Such payment may be made in cash or by check.
16.7
Non-Assignability. Without
the prior written consent of the Committee, a Stock Option granted to a
Participant may not be transferred or assigned other than by will or by the
laws
of descent and distribution or pursuant to the terms of a qualified domestic
relations order as defined in Code Section 411(a)(13). If the Participant
attempts to alienate, assign, pledge, hypothecate, or otherwise dispose of
his
Stock Option or any right thereunder, except as provided for in this Plan
or the
Stock Option Agreement, or in the event of any levy, attachment, execution,
or
similar process upon the right or interest conferred by this Plan or the
Stock
Option Agreement, the Committee may terminate the Participant's Stock Option
by
notice to him, and it shall thereupon become null and void.
16.8
Use of Proceeds. Proceeds
from the sale of shares of Common Stock pursuant to Stock Options granted
under
this Plan shall constitute general funds of the Company.
16.9
Legend.
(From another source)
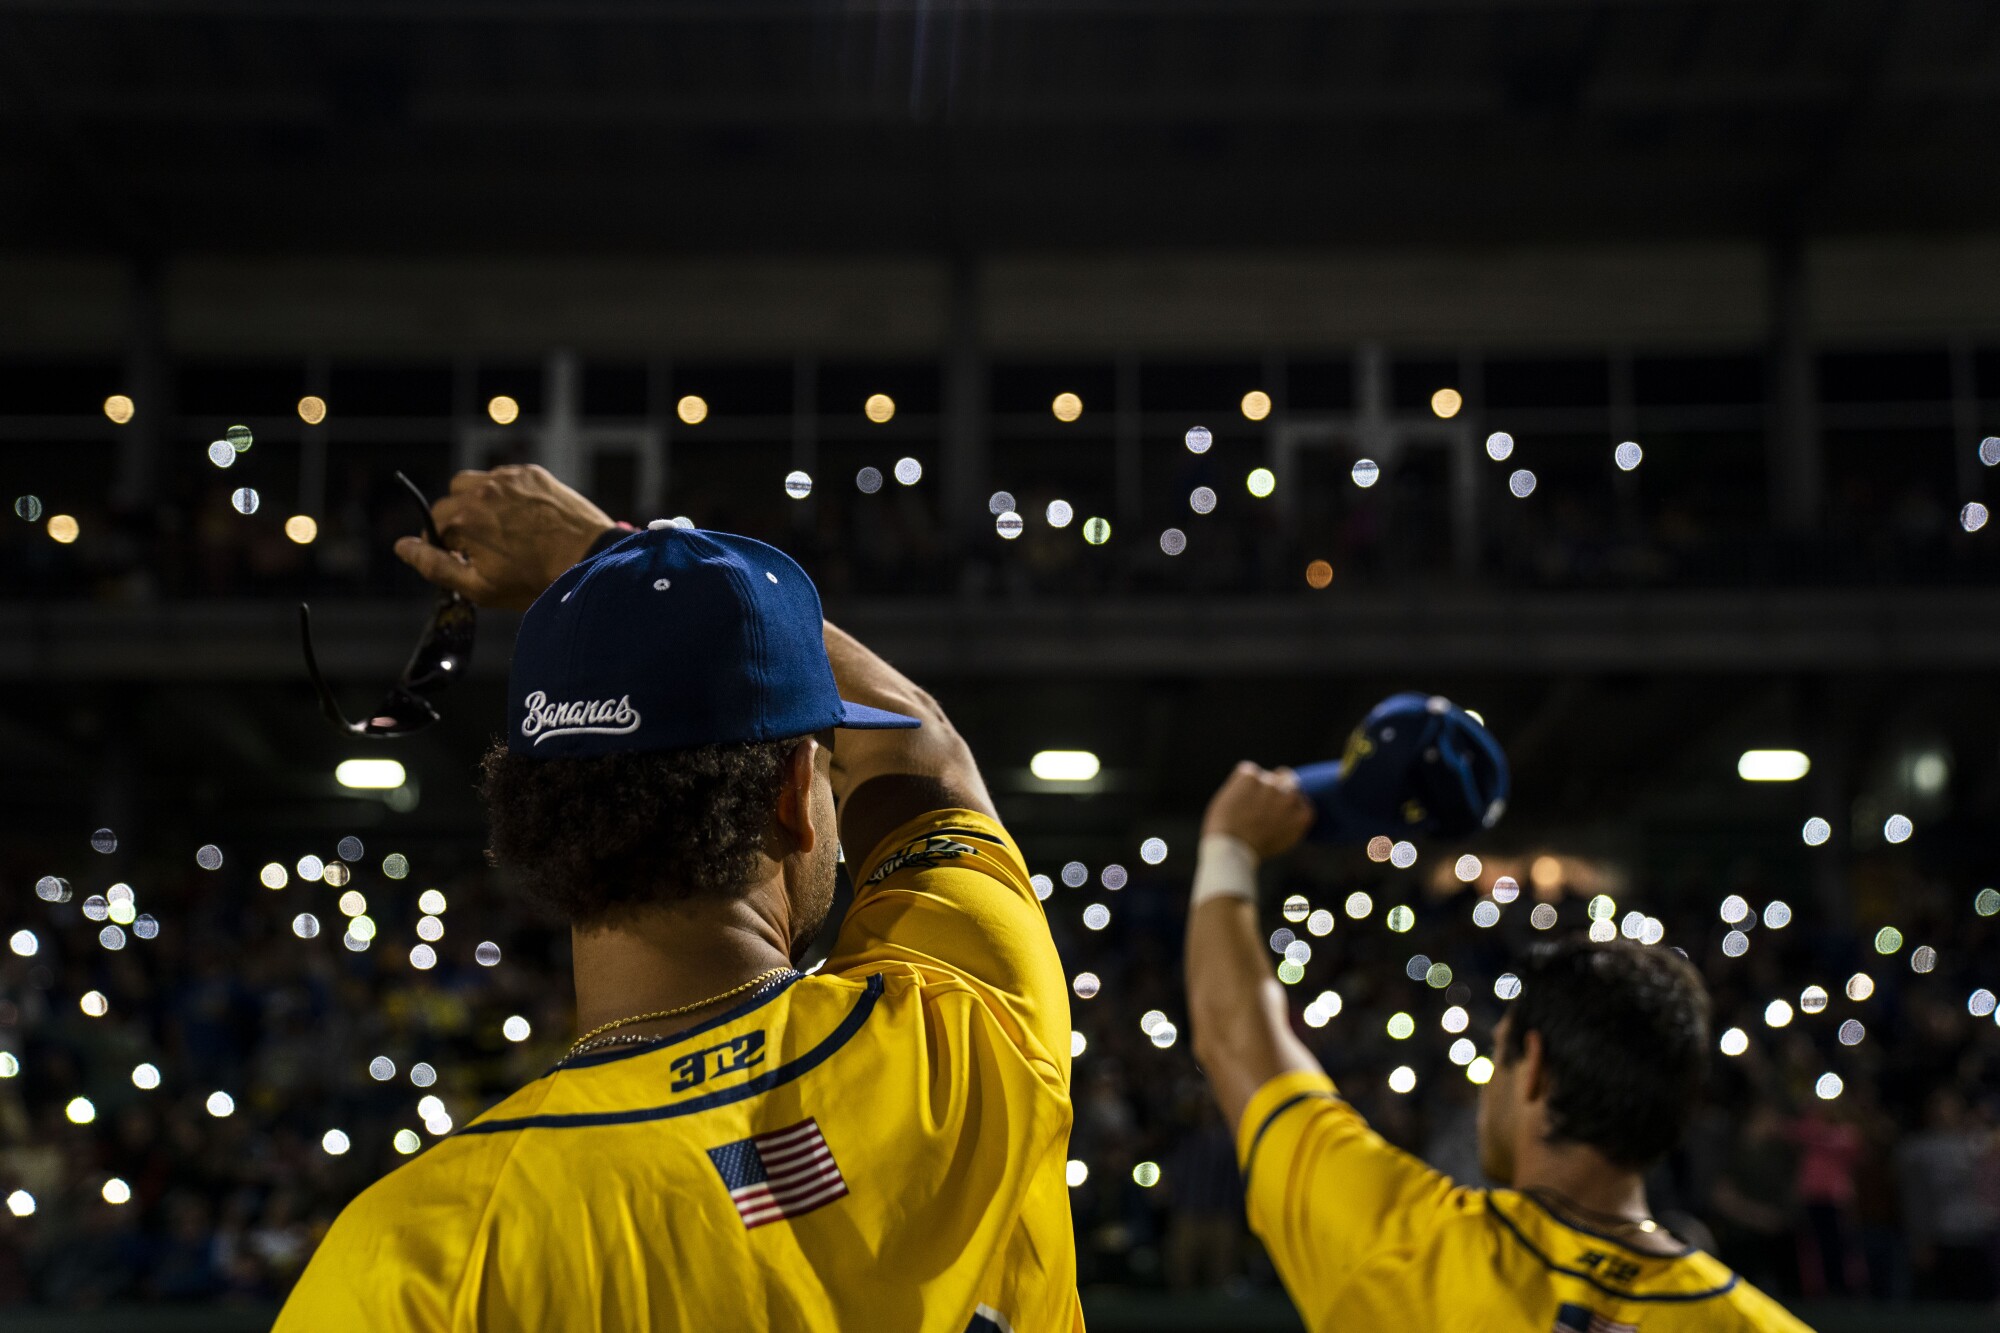 During the seventh inning, Savannah Bananas fans wave their cellphones during the playing of Coldplay's

Each
certificate representing shares of Common Stock issued to a Participant upon
exercise of a Stock Option shall bear the following legend, or a similar
legend
deemed by the Company to constitute an appropriate notice of the provisions
hereof and the applicable security laws (any such certificate not having
such
legend shall be surrendered upon demand by the Company and so endorsed):
On
the
face of the certificate:
"Transfer
of this stock is restricted in accordance with conditions printed on the
reverse
of this certificate."
On
the
reverse:
"The
shares of stock evidenced by this certificate are subject to and transferrable
only in accordance with that 2007 Director Non-qualified Stock Option Plan
of
Tandy Leather Factory, Inc., dated as of March 22, 2007, as amended from
time to
time, a copy of which is on file at the principal office of the Company in
Fort
Worth, Texas. No transfer or pledge of the shares evidenced hereby may be
made
except in accordance with and subject to the provisions of said Plan. By
acceptance of this certificate, any holder, transferee or pledge hereof agrees
to be bound by all of the provisions of said Plan."
Insert
the following legend on the certificate if the shares were not issued in
a
transaction registered under the applicable federal and state securities
laws:
"Shares
of stock represented by this certificate have been acquired by the holder
for
investment and not for resale, transfer or distribution, have been issued
pursuant to exemptions from the registration requirements of applicable state
and federal securities laws, and may not be offered for sale, sold or
transferred other than pursuant to effective registration under such laws,
or in
transactions otherwise in compliance with such laws, and upon evidence
satisfactory to the Company of compliance with such laws, as to which the
Company may rely upon an opinion of counsel satisfactory to the Company."
A
copy of
this Plan shall be kept on file in the principal office of the Company in
Fort
Worth,
Texas.
IN
WITNESS WHEREOF, the Company has caused this instrument to be executed as
of
March 22, 2007, by its Chief Financial Officer and Treasurer and Secretary
pursuant to prior action taken by the Board.
TANDY
LEATHER FACTORY, INC.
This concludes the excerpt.